In Phase 1 of the game, using the movement mechanics of Rum & Pirates, players move the captain pawn around the pirate city of Nassau in order to gather the resources they’ll need to sail the high seas in Phase 2. In Phase 2, the players will move their ship around the Caribbean map doing various things such as looting, plundering, fighting other pirates, killing monsters, and establishing trading outposts along the way. In Phase 3, players return home for some end-of-round scoring and will have the opportunity to bury their treasure end-of-game points as well as sit around the fire and tell the tales of their adventures for even more points along the way.
While I’ve generally been impressed by the SFCC games I’ve encountered thus far, this one fell flat for me. I didn’t dislike it, per se, but it didn’t really sing to me either. The Caribbean map just feels unnecessarily convoluted. Perhaps that’s because as I was playing Nassau, in the back of my head I was thinking about Rum & Pirates and how straightforward, simple, and charming that game is and, as such, couldn’t help but compare the two. While Nassau definitely feels like a Feld game, it’s one that I’m not keen to get to the table again any time soon. Maybe more time and another playthrough or two will change that.
Be sure to follow my Focused on Feld series for my future review of this game and all of his others.
Ease of entry?:
★★★★★ – No sweat
Would I play it again?:
★★☆☆☆ – Would play again but would rather play something else
Read more articles from David McMillan
Ethnos: 2nd Edition – Thomas Wells
Ethnos: 2nd Edition (2025, CMON) is a 1-6 player counting exercise, and if you can’t tell from that description, I’m not a huge fan.
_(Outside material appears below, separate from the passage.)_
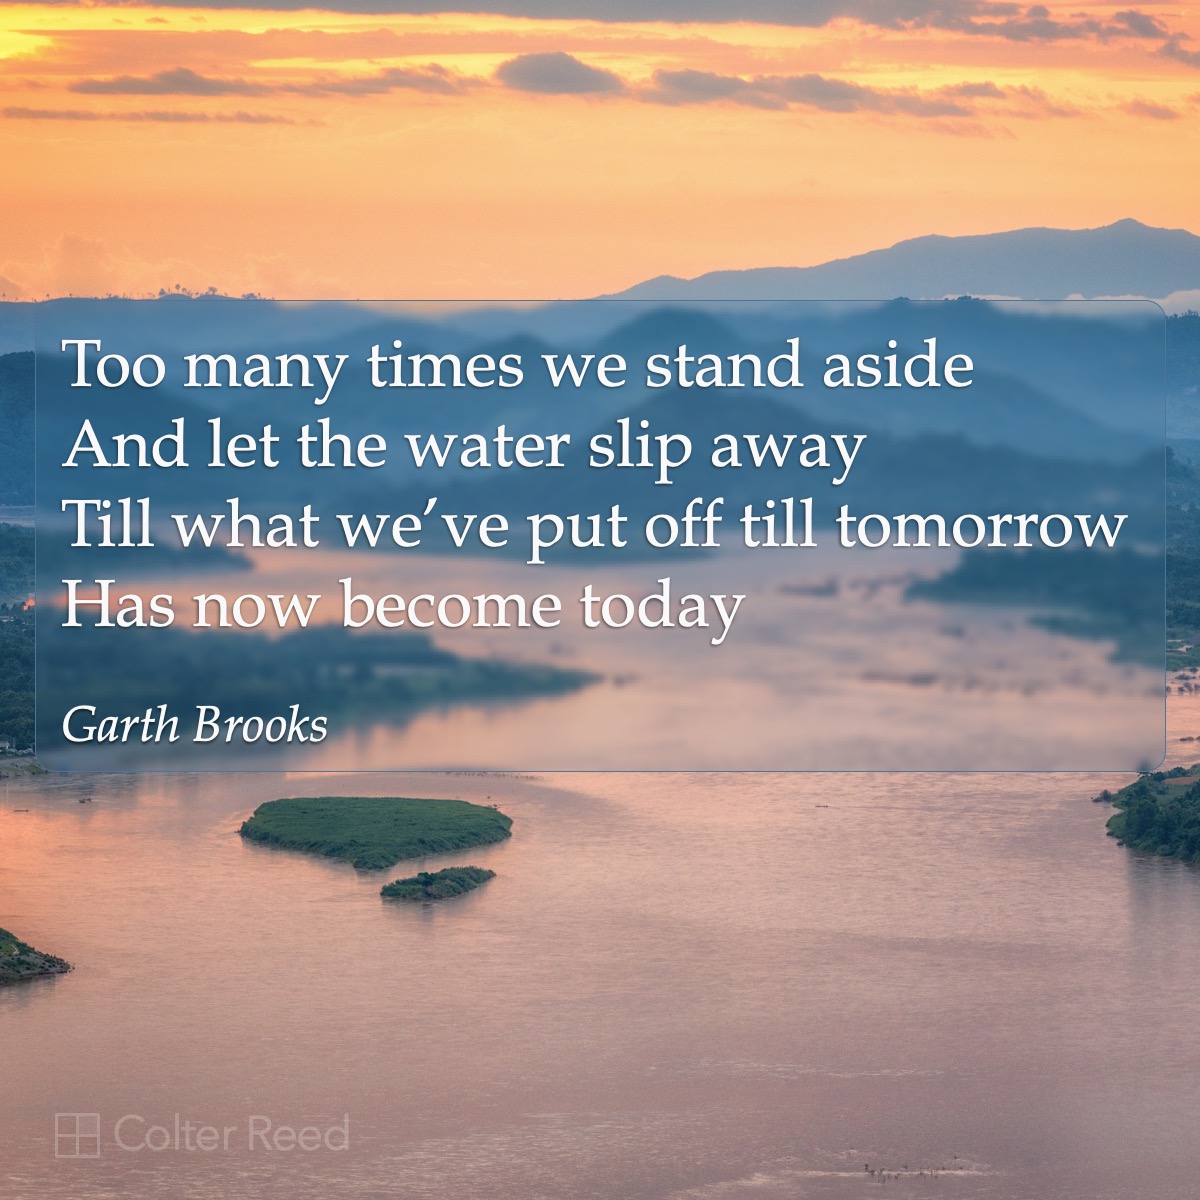 Too many times we stand aside and let the water slip away till what we’ve put off till tomorrow has now become today. —Garth Brooks

It’s a game where you either draw a card from a deck or a pool, or play a group of cards that either share a suit or a color. The top card has powers. You put out little plastic bits in various area majority competitions around the board.
Ethnos is a beloved game, and I’m not sure my opinions about this change anything, but the game really demonstrates why hiding trackable information is one of the most boring design decisions a designer can make. Card counting is interesting in a casino because there is money at stake and you are battling a megastructure (the house). Pretty much everywhere else, who cares? I don’t find it particularly interesting or complex to demonstrate to my friends that I can count better than them, or that my memory is more robust, especially when the decision boils down to what is basically a yes/no decision.
In Ethnos you can play one of two ways: quickly, where the game is over in 30 minutes because nobody is really tracking everyone else’s hands of cards. So: Uno. Or, you can make it an onerous analysis open-hand endeavor where you bean-count everything into oblivion.
BORING.
This is the same rules as the previous game—see our (review of the original Ethnos here)—with a solo mode (yuck) and a small variant that makes the card market refresh faster if you want it to.
Ease of entry?:
★★★★★ – No sweat
Would I play it again?:
★☆☆☆☆ – Would play again but will cry about it.